The second season received a Metacritic score of 67 out of 100, based on 13 reviews, indicating "generally favorable reviews". On Rotten Tomatoes the second season received an 86% rating based on 22 reviews at an average score of 7.5 out of 10 and the consensus reads, "Thanks to beautiful cinematography and unique, captivating characters, The Bridge is a chilling murder mystery, even if it meanders slightly." Alan Sepinwall writing for HitFix hugely praised the season saying, "It's a show with a much stronger command of its subject matter and awareness of its own strengths and weaknesses–even as The Bridge still seems to be stuck in that nebulous border region separating the pretty good from the genuinely great. Maureen Ryan of The Huffington Post also gave a positive review, "It moves along with purpose and energy, but it's often at its best when finding colorful details and or allowing small, telling moments to breathe."
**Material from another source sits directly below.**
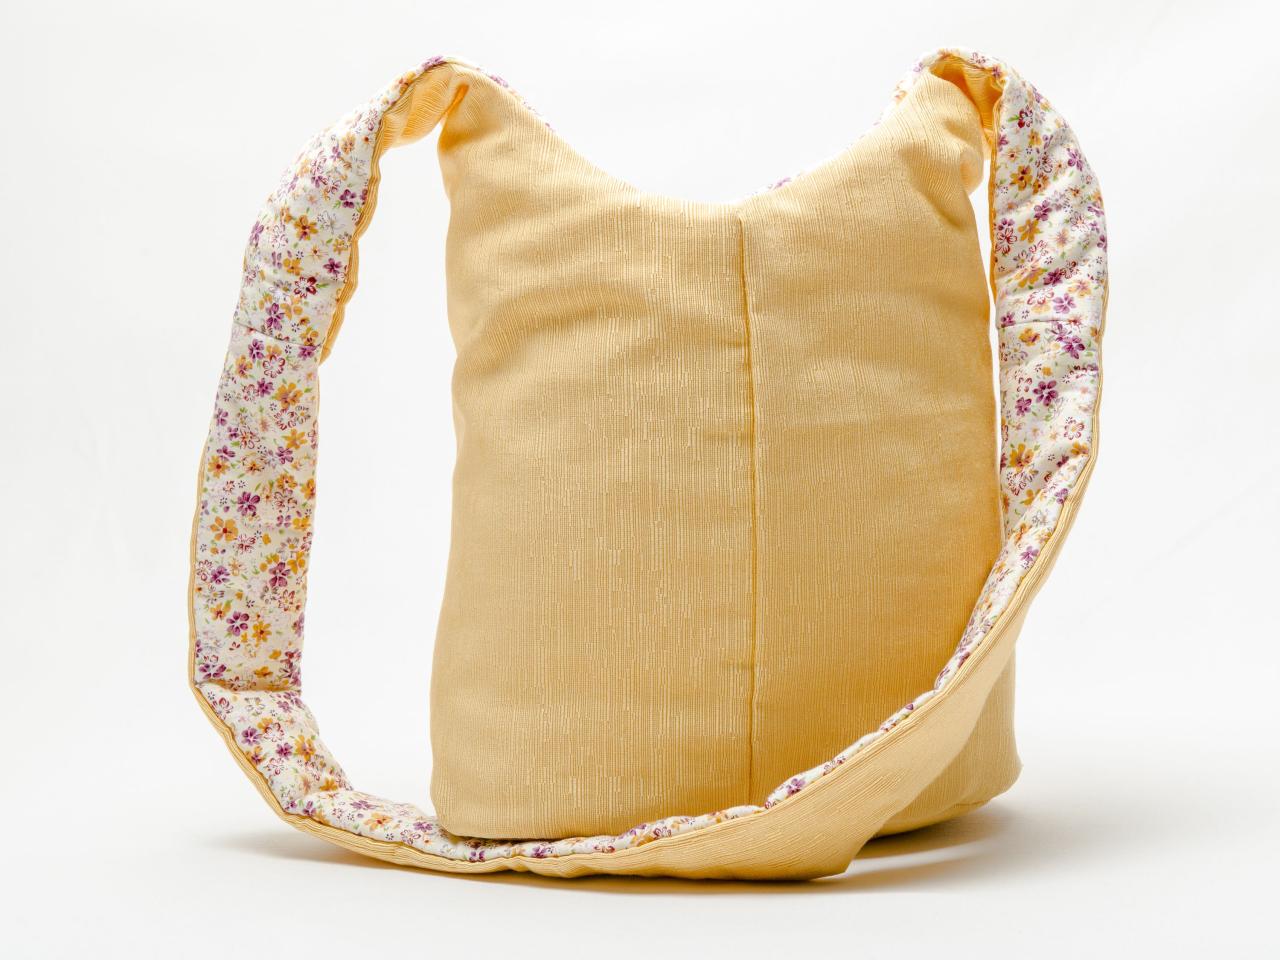 Affordable Cotton Hobo Bags Wholesale - Stylish and Sustainable Fashion Accessories

New York Post reviewer Robert Rorke called the show "unique" and wrote, "Drug cartels, a room of shrink-wrapped bills (worth $60 million), body bags and buckets of blood are just some of the intriguing elements in this uniquely Mexican-American drama, where the layers of corruption on both sides of the border seem impenetrable." Mike Hale of The New York Times gave a mixed to positive review saying, "The Bridge still feels like a show caught between two masters. It has a lot of the pieces it needs to actually be a compelling murder mystery–some good performances in key roles; an evocative, sun-blasted look; and an ability (presumably Mr. Reid's) to concoct creepy, suspenseful scenes. Yet we're still waiting for it all to come together."

===Awards===
In June 2013, the series was honored, along with five others, with the Critics' Choice Television Award for Most Exciting New Series. The pilot episode of the series received the 2013 Golden Reel Award for Best Sound Editing in Television: Long Form – Dialogue & ADR from the Motion Picture Sound Editors society. The series won a 2013 Peabody Award, which noted that "its rare, non-stereotypical depiction of two cultures rubbing against and informing each other is as fascinating as the mystery."